|Subject: Trip Report Athens (long)|
My sister in law Jean and I started our trip to Greece and Turkey in Athens
on May 11th. We had read that Athens is a one day city, the main attractions
to be seen as quickly as possible before heading for the islands. All
I can tell you is that we had three days there, the third being the day
of the general strike and could happily have stayed longer.
The Adams Hotel is perfectly located on the edge of the Plaka within walking distance of the Acropolis, Syntagma, Monastiraki etc. At $60 US per night the price was right too but the condition of the lobby, cafe and rooms can only be described as shabby but clean.
We couldn't imagine staying anywhere other than Plaka, we loved wandering the narrow winding streets, looking in the shops and galleries and visiting the Byzantine churches with their frescoes, icons and incense. In the absence of any local knowledge we choose restaurants solely on the charm of the waiters stationed out front to draw us to their tables. Sorry all you gourmet Ziners out there but this system worked for us. Every evening a diminutive nine year old with the voice of Kiri Te Kanawa reduced us to tears with her rendition of Italian operatic arias. Of course the wine may have had something to so with it too.
The Acropolis of course is a must, in spite of the scaffolding. I especially liked the Erechthelon with it's six Caryatid maidens holding up the portico. This warranted a whole roll of film. The museum on the site is refreshingly unsophisticated. Amongst the sculptures and sections of frieze on display are the original Caryatids, the ones I had photographed being copies. With preparations for the Olympiad of 2004 well on the way sidewalks everywhere are under construction or repair.
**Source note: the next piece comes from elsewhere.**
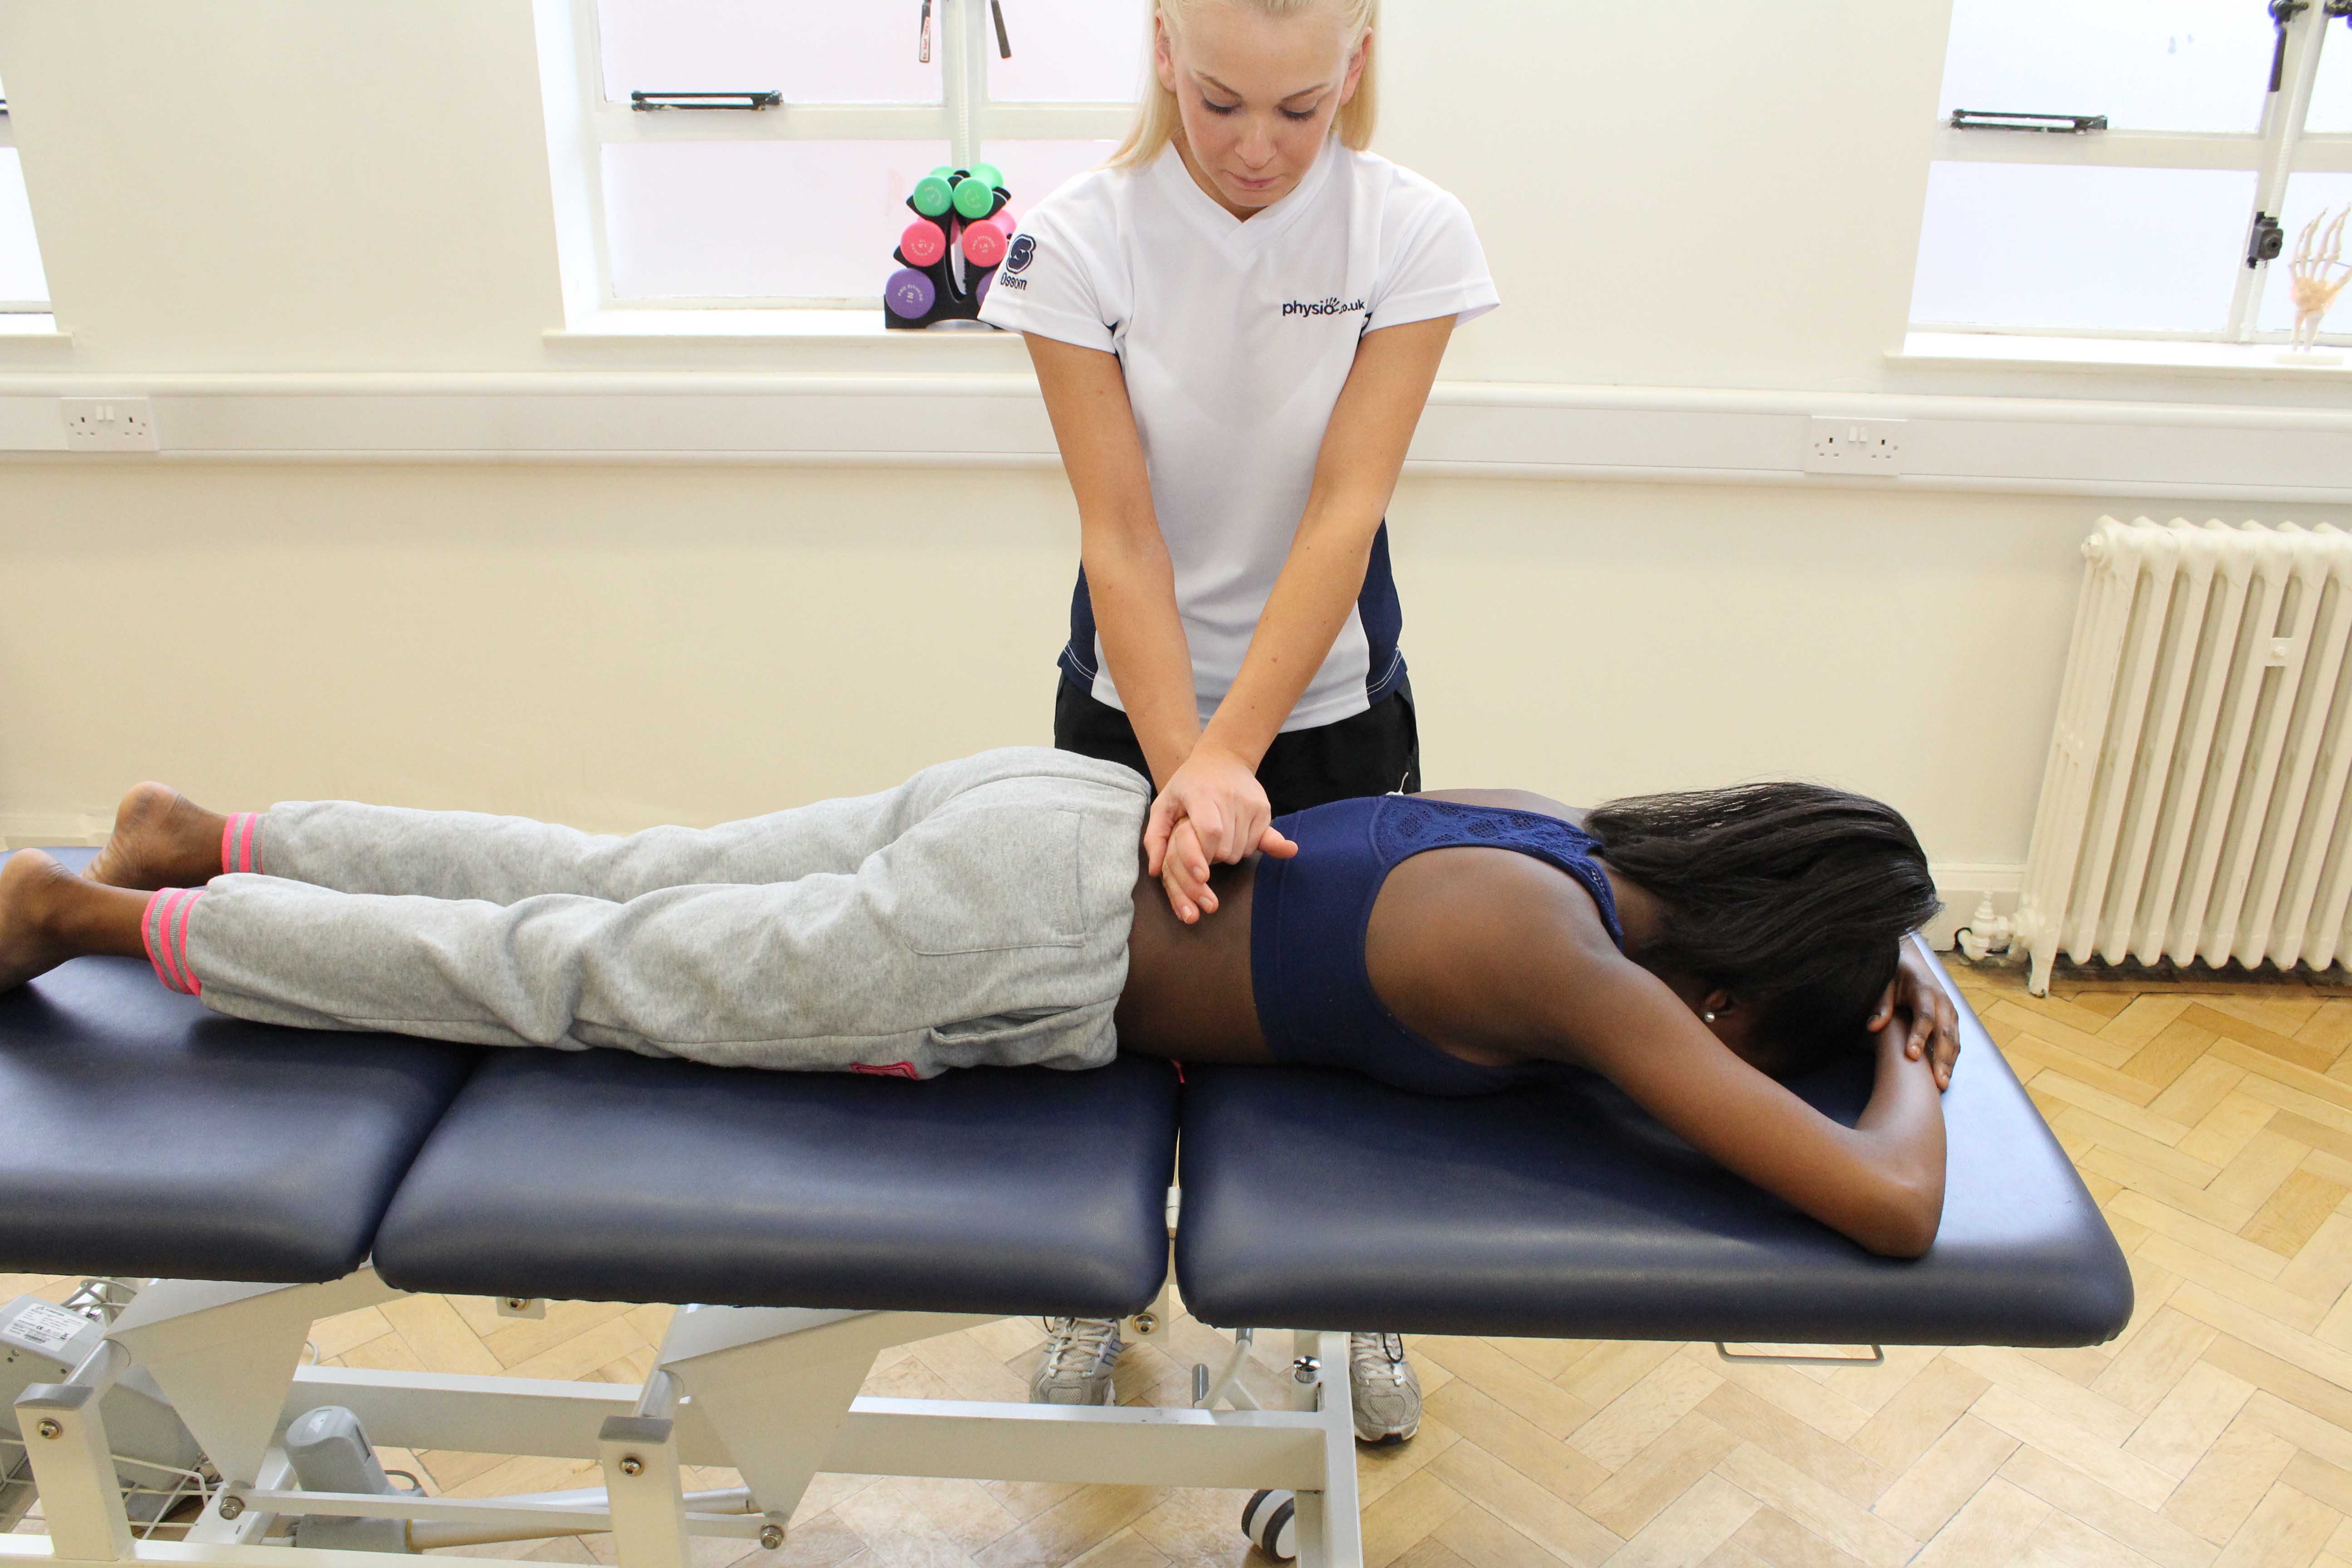 Mobilisations of the lumber vertebrea by physiotherapist to relieve pain and stiffness

Saturday evening walking back from Syntagma Square we were drawn by a carillon to a small Russian Orthodox church where a sung high Mass was about to begin. We stood in the aisle at the back with a congregation of six women. Enchanted by the singing, the opulent surroundings and the quiet piety of the women we stood amongst them for 90 minutes. The priest constantly circled the church showering us with clouds of incense. We wouldn't have missed it for the world.
Sunday morning at 10.45 we were back at Syntagma at the tomb of the unknown soldier in front of the parliament building (formerly the palace). The elite Evzone soldiers mount guard here daily. They are chosen for their height and a talent for looking manly while wearing tights and short pleated skirts. On Sundays the whole guard turn out for a special changing of the guard ceremony. Accompanied by a band they high stepped their way along the streets, hob nailed sarouchi shoes tapping along the pavement, pom poms swinging. A short ceremony followed, the new guard going through the ritual change over before taking up their positions either side of the tomb. The old guard joined the rest and marched quickly away. Like the guards at Buckingham Palace they stand to attention hardly seeming to breath despite the best efforts of female tourists to distract them. Daily on the half hour they change ends and on the hour are relieved by a new guard.
The only problem we had in Athens was getting good basic tourist information. The tourist information office closed for the weekend at 4.00pm on Friday and didn't reopen until Monday. The owners of our hotel were woefully ignorant about their city. Sending us to the tourist office after it had closed for the weekend, up the Acropolis for a non existent sound and light show and having no knowledge of the changing of the guard on Sunday mornings. Mind you we had to ask everyone we met before we found someone who could tell us the correct time for that.
Having been assured by numerous people that the general strike scheduled for Thursday/Friday would not affect our travel plans in any significant way we hailed a taxi and headed for the bus station enroute to Delphi.